Monday 4 January 2016

Surrender and Release

2012 Was a HUGE learning year for me. I started a blog, finished my personal coaching course and qualified with honours, I started a company, I learnt how to set up a website from scratch and so the list continues. Looking back now, I was destined to achieve ... it was, after all, my word for 2012. Part of my learning, as I continue my personal journey to find my inner Goddess, was having a tarot reading for the first time ever. I had always been curious about Tarot and my "sister-of-the-heart" treated me to one in the last quarter of 2012. I took away a number of valuable lessons and thoughts.
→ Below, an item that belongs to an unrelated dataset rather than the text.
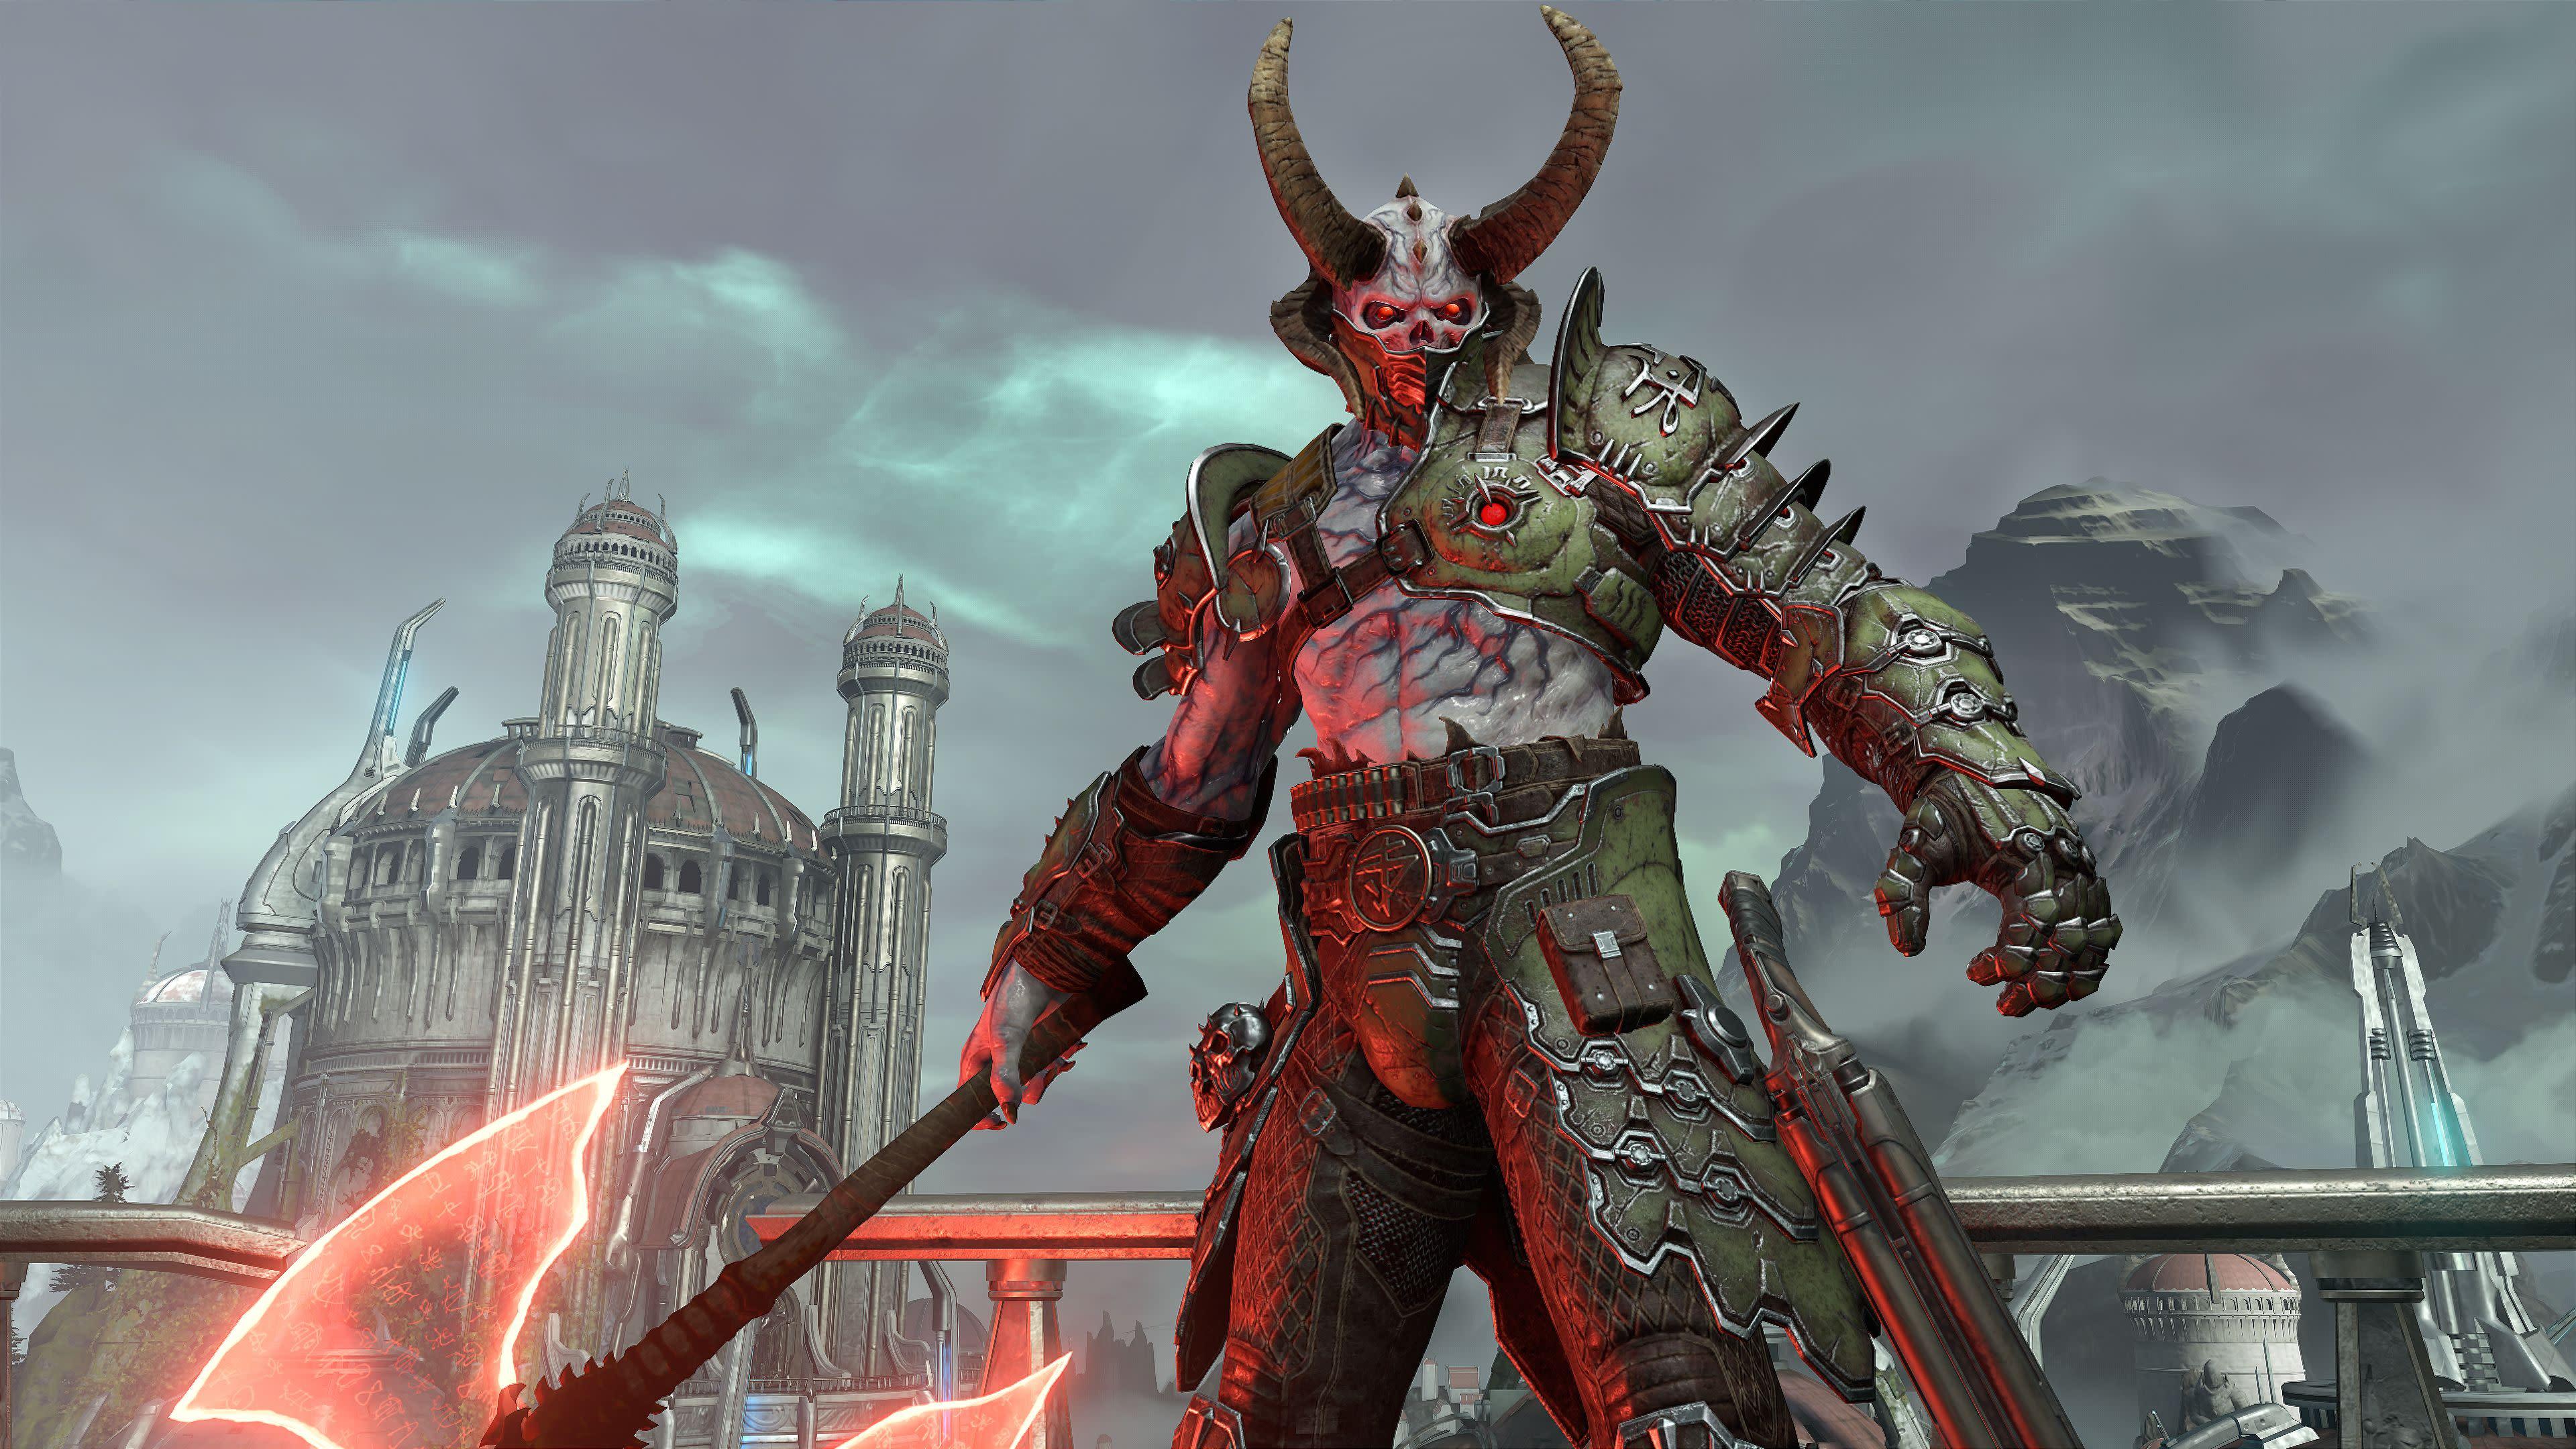 E3 2019: Bethesda embraces action in 'Doom Eternal
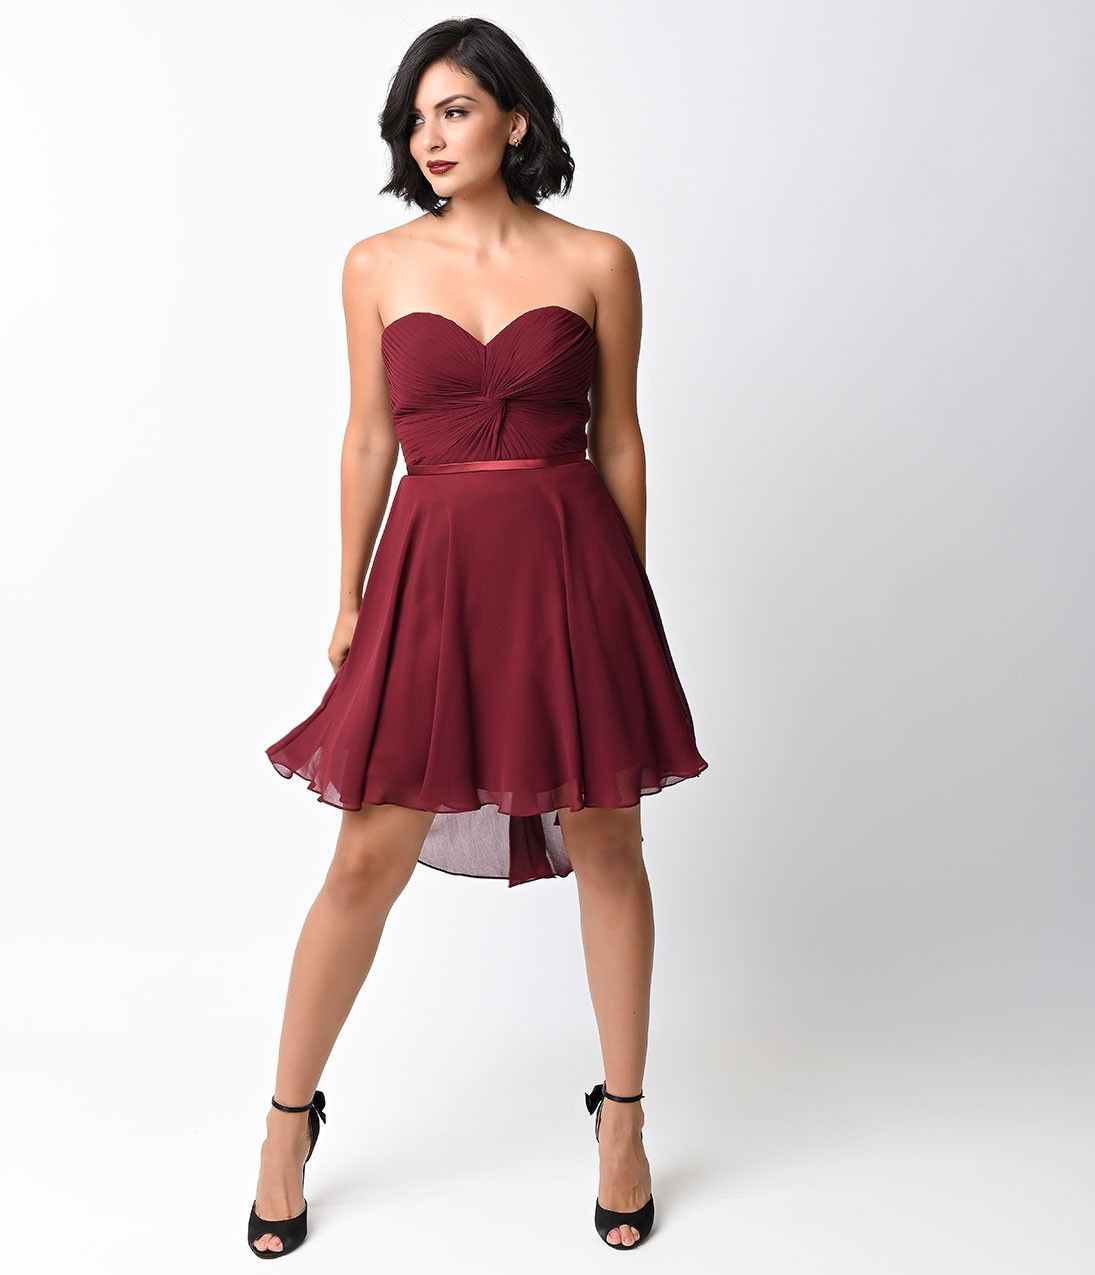 3ffa11be2ac8 Burgundy Chiffon Strapless Sweetheart Corset Short Dress | Vintage ...

The one, however, that stood out the most for me was ... "Surrender and Release". After telling me how I have a tendency to bottle everything up inside and causing myself unnecessary extra stress, I needed to find a way to surrender my worries, fears, anxieties and troubled thoughts and release them to the Divine. "Wow!", I thought, "I've never thought of it that way. Maybe I could give it a try and see how it goes." At this point, I should tell you that I suffer from insomnia when I bottle things up ... doesn't take a genius to figure out why. So I went home, and that night as I was ending my prayers, I tacked on to the end "Please take these worries, fears, anxieties and troubled thoughts from me as I surrender and release them into your safekeeping." It was said with meaning and intent, and let me tell you it worked!

In recent weeks, I have been introspective. I've looked back on 2012 to reflect on all that has been, come and gone. What I have learned; and how I can use these lessons going forward. That's when it hit me! What if I took time to work through the issues I have that keep me trapped in this overweight body and "surrender and release" them to my Divine? This is an issue I have grappled with for many years and high on my priority list of issues to deal with. Surely it would begin to heal the wounds and scars that remain after 38 years of battling with my weight issues? I know I didn't create them, but I have moments where I aid them. What if I just "surrender and release" these issue that I tend to bottle up ... ? I realise that there are probably many people out there who have already come to this conclusion but it has taken me this long to get here. So I encourage you, now, to do the same. Whatever religion you are devoted to; whomever you deem to be your Divine. Surrender and release what no longer serves you but takes up unnecessary space in your head to them. Ask for their help and guidance. I intent to because I know I am worth it. But you know what else I know? I know that you, too, are worth it.

So, with our sight firmly focused on the awesomeness of the new year ahead (for it will, indeed, be an awesome year) give yourself permission to let go of what no longer serves you but continues to weigh you down, both literally and figuratively . After all, change starts with you.

May you be blessed with abundance in this new year ahead ... of love, health, happiness, wealth and wisdom.